FGFR2b-positivity was determined by centrally performed prospective immunohistochemistry (IHC) for FGFR2b overexpression and/or a circulating tumour DNA blood assay demonstrating FGFR2 gene amplification. Of the 910 evaluated patients, 275 (30%) were FGFR2b-positive. Eventually, 155 patients were randomised.

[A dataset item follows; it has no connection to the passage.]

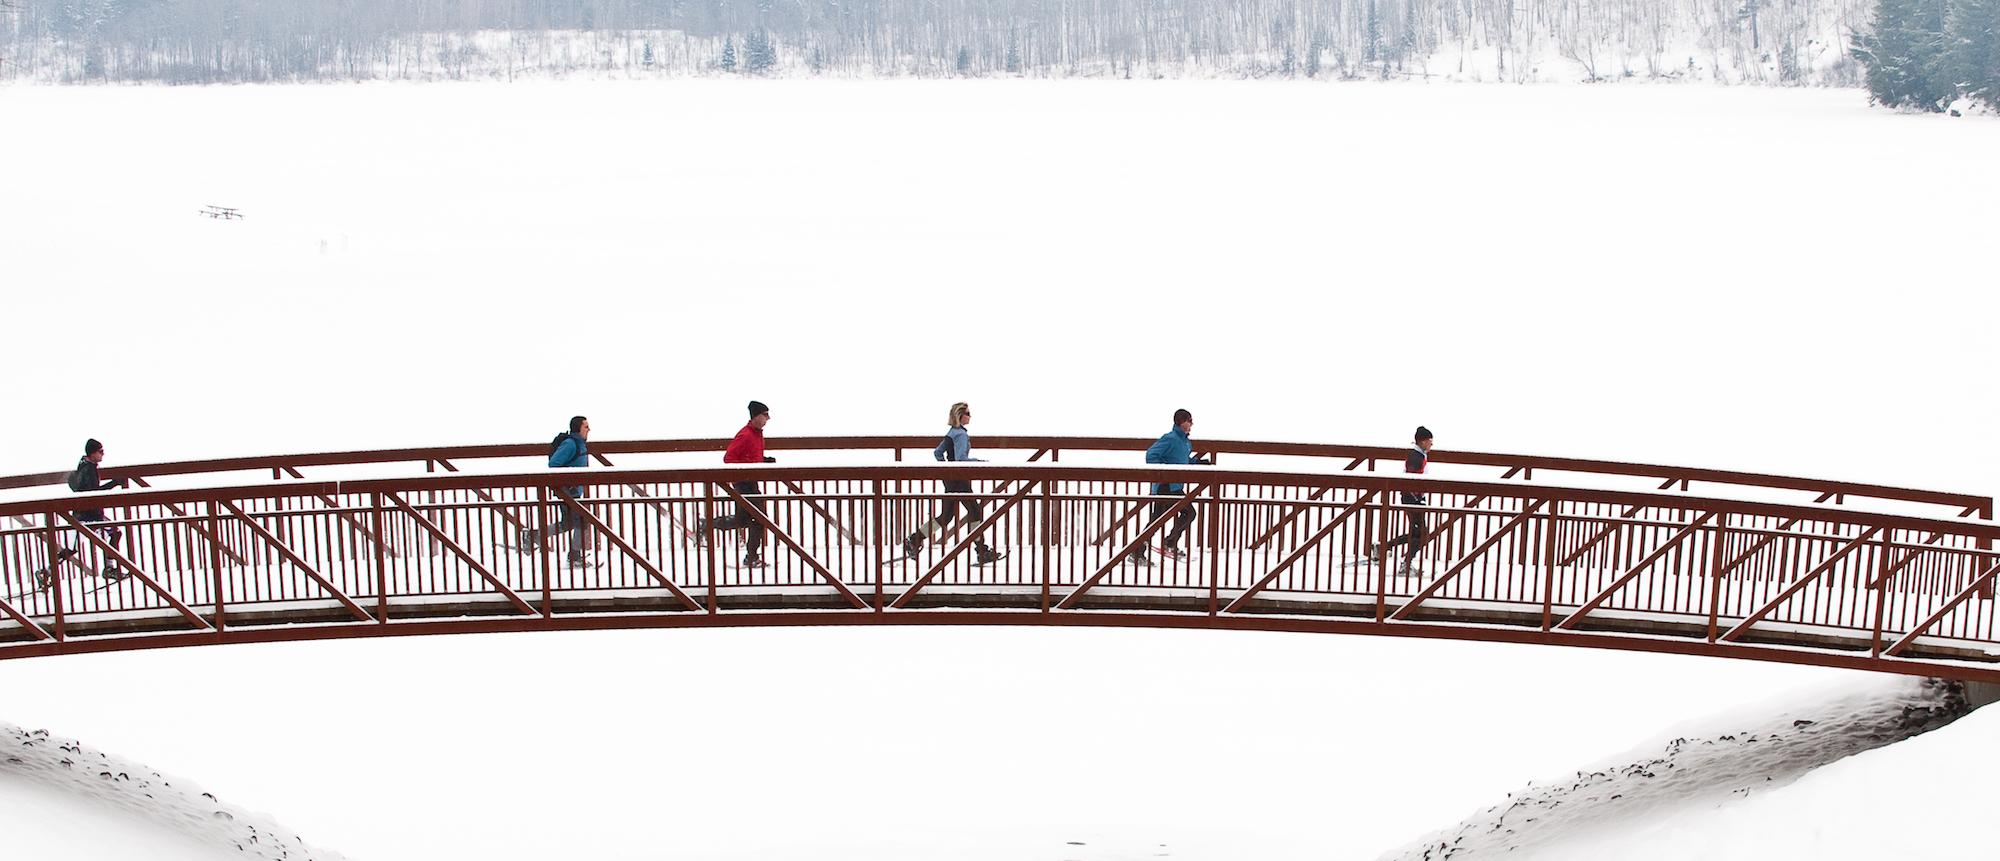 Snowshoeing at Arrowhead Park

Prof. Wainberg reported a positive correlation between benefit and the percentage of FGFR2b-positive tumour cells. For patients with IHC results showing FGFR2b overexpression in at least 10% of the sample, the median PFS was 14.1 months for the bemarituzumab cohort, compared with 7.3 months for the placebo cohort (HR 0.44; 95% CI 0.25-0.77). The 1-year PFS rates were 57.0% and 26.4% in the bemarituzumab and placebo arms, respectively. In those with IHC FGFR2b overexpression in at least 5% of cells, the median PFS was 10.2 months in the bemarituzumab arm versus 7.3 months with the placebo arm (HR 0.54; 95% CI 0.33-0.87). The 1-year PFS rates were 56.3% and 28.6%, respectively. Overall, in the intent-to-treat population, the median PFS was 9.5 months and 7.4 months for the bemarituzumab and placebo arms, respectively (HR 0.68; 95% CI 0.44-1.04; P=0.0727). The 1-year PFS rates were 52.5% and 33.8%, respectively. The median OS was not reached in the bemarituzumab arm, versus 12.9 months in the placebo arm (HR 0.58; 95% CI 0.35-0.95; P=0.0268). Again, the percentage of FGFR2b-positive cells was indicative of OS; in the patients whose tumours were at least 5% FGFR2b-positive, the median OS was not reached with bemarituzumab versus 12.5 months with the placebo arm (HR 0.52; 95% CI 0.30-0.91), and for 10% or more FGFR2b-positivity the benefit was even more marked (HR 0.41; 95% CI 0.22-0.79).The ORR was 47% in the bemarituzumab arm, and 33% with placebo.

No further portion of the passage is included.